Samuel Fosso, polaroid di un dandy
Intervista L’identità panafricana ricreata negli autoritratti di una grande mostra parigina
Intervista L’identità panafricana ricreata negli autoritratti di una grande mostra parigina
Posa senza trucco, Samuel Fosso (Kumba, Camerun 1962, vive e lavora tra la Nigeria e la Francia), nei 666 autoritratti che ha realizzato con la polaroid. SIXSIXSIX (2015) è un’opera monumentale che indaga le metamorfosi dell’io, lasciando affiorare una gamma di emozioni che oscillano dalla gioia al dolore, dalla paura alla follia. Acquisita dal Musée du quai Branly – Jacques Chirac (nelle cui collezioni si trovano anche le serie Le rêve den mon grand-père e African Spirits) è un’opera che rappresenta anche il punto d’arrivo della retrospettiva Samuel Fosso, curata da Clothilde Morette alla MEP- Maison Européenne de la Photographie di Parigi (fino al 13 marzo 2022), che il fotografo africano ha voluto dedicare al compianto Okwui Enwezor.

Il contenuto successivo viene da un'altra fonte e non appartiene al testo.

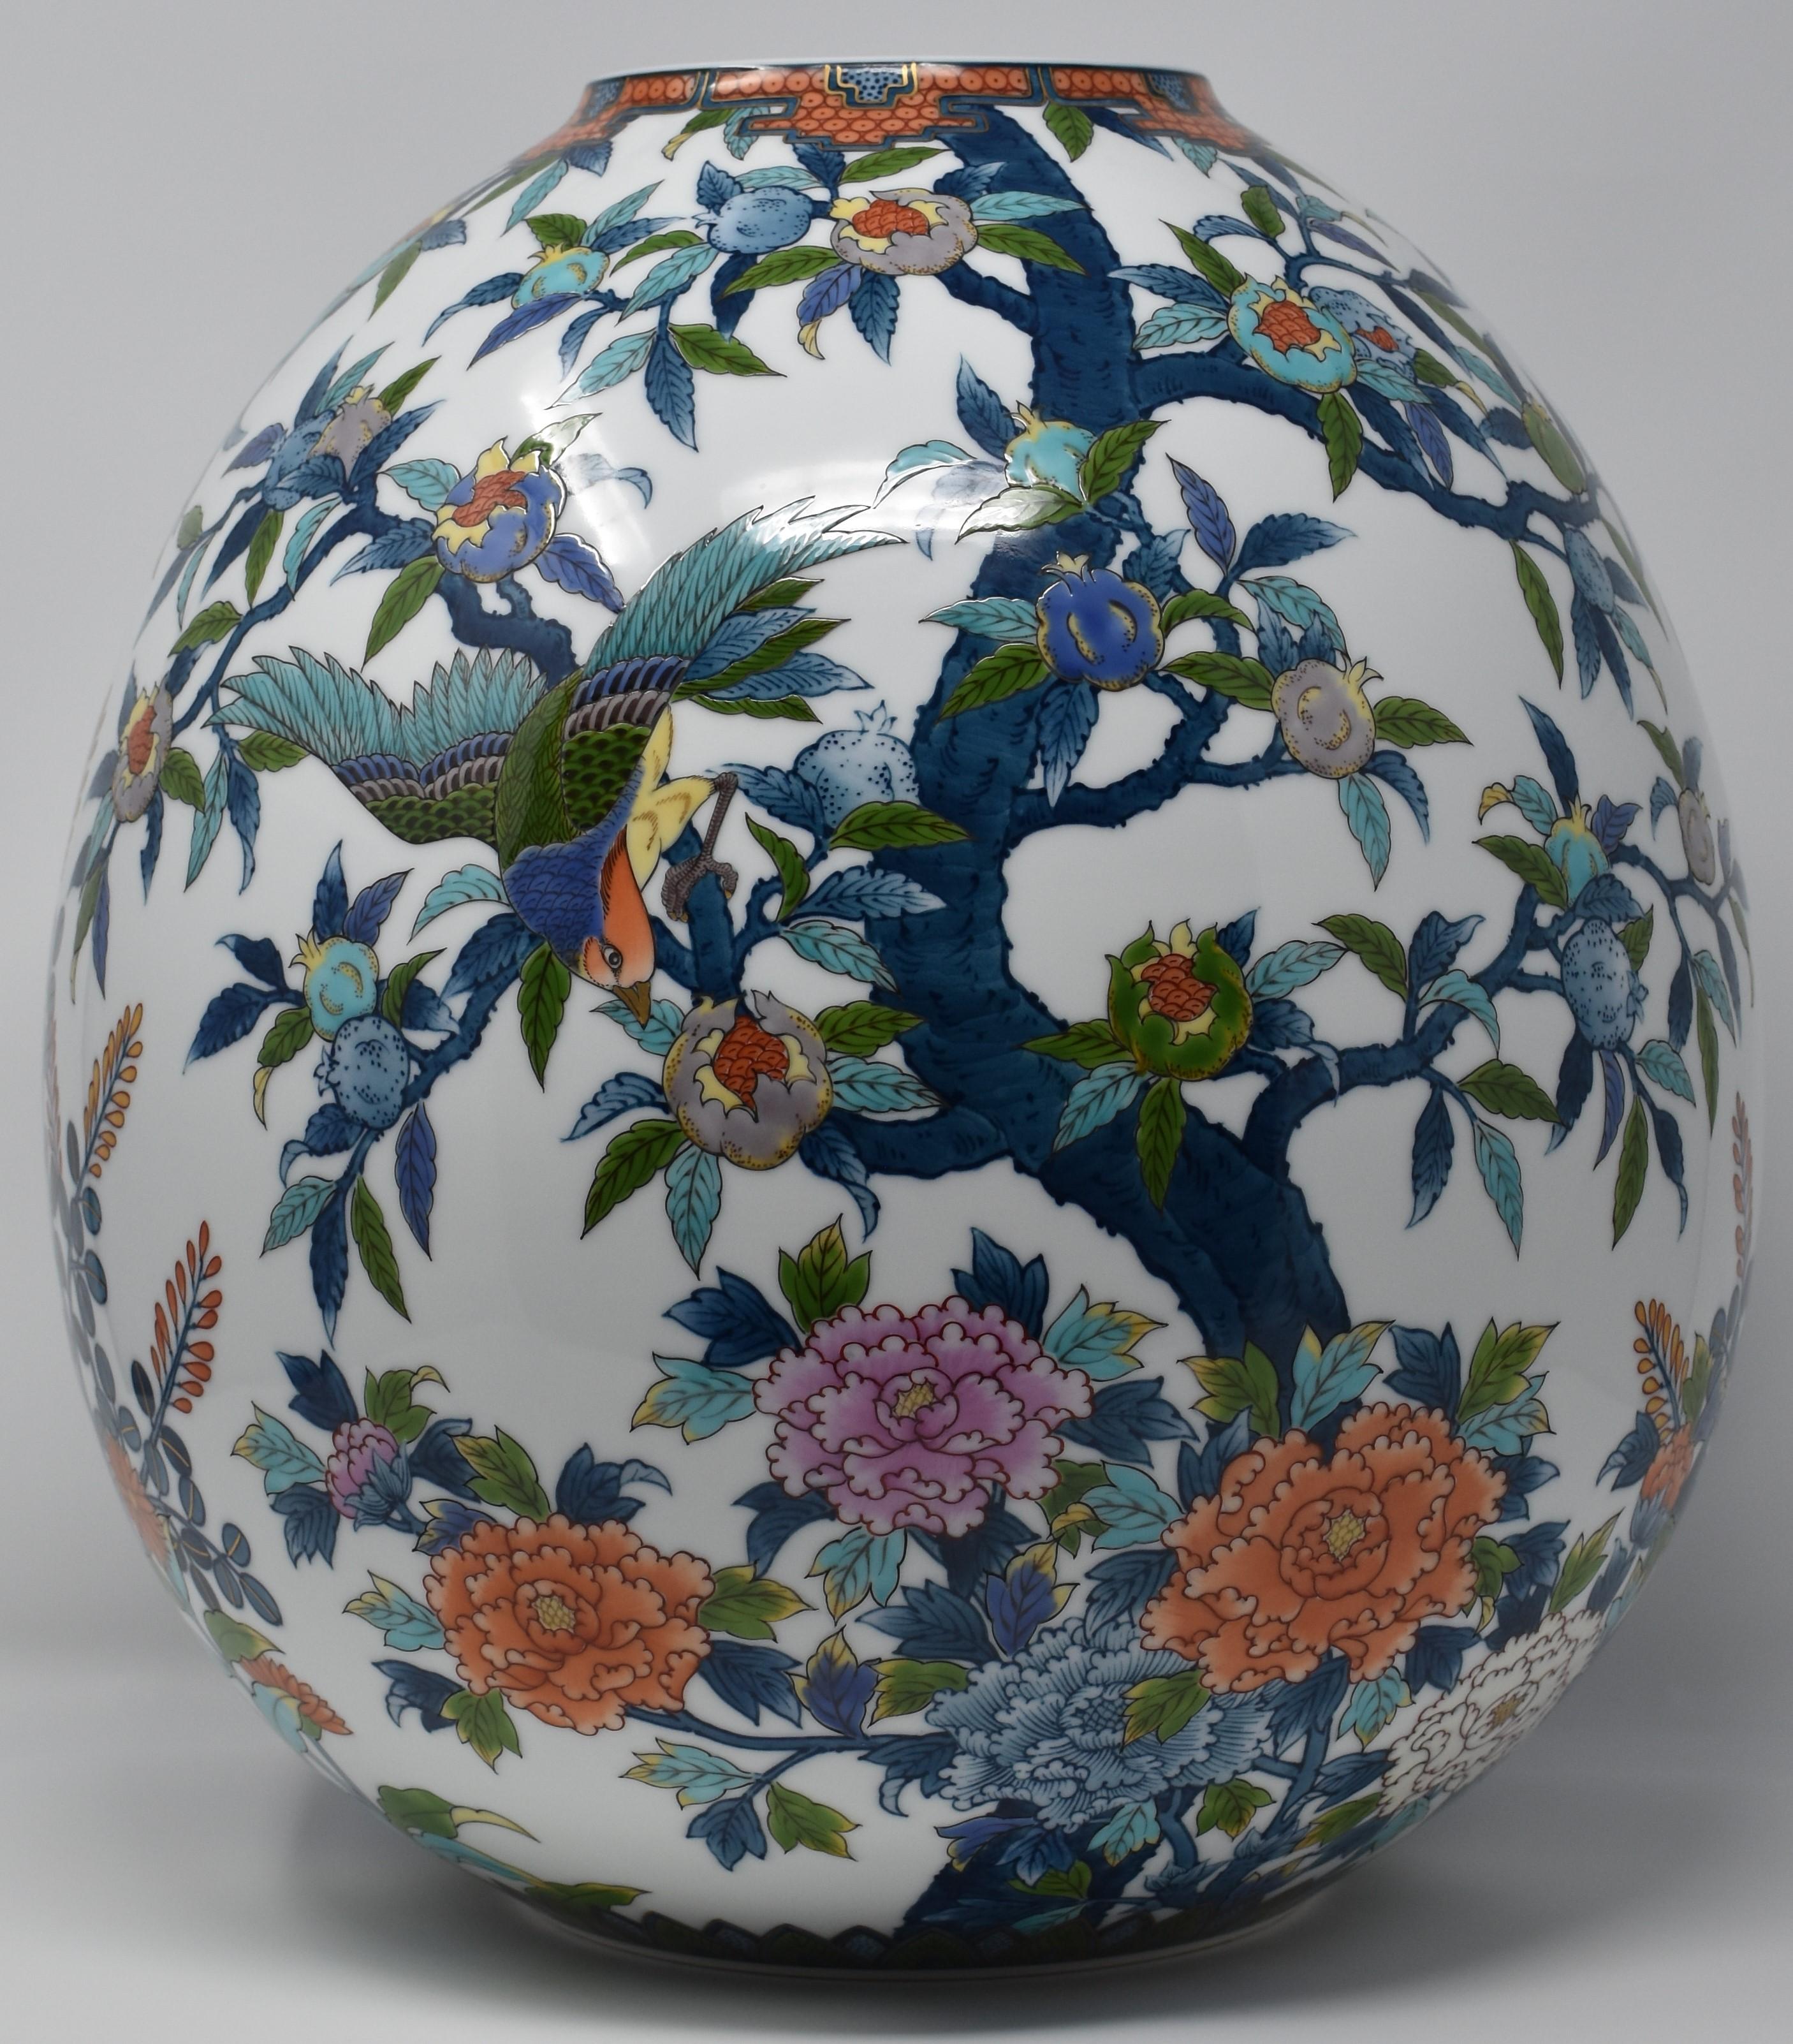  Contempory Imari Large Japanese Decorative Porcelain Vase by Master Artist 9

Un percorso cronologico che inizia con le foto di studio a Bangui (lo Studio National il cui motto era «sarete eleganti, belli, raffinati e riconoscibili») dove Fosso iniziò a fotografare a 13 anni. La maggior parte delle foto d’archivio è andata distrutta durante la guerra civile, nel 2013, ma un’intera parete riproduce i ritratti di bambini, famiglie, coppie, amici di cui sono stati ritrovati i negativi in strada, fuori dal suo studio, sparpagliati tra polvere e detriti. L’identità, fin dagli esordi, rimane un tema costante della ricerca di Samuel Fosso, anche quando sconfina nella moda, come nella serie Tati (1997) con Le Chef (celui qui a vendu l’Afrique aux colons) dove interpreta un anticonvenzionale capo villaggio (una foto di grande forza espressiva che è anche la copertina del catalogo della mostra Africa Remix) o in La Femme américaine libérée des années 70, dove rende omaggio alla forza delle donne afroamericane.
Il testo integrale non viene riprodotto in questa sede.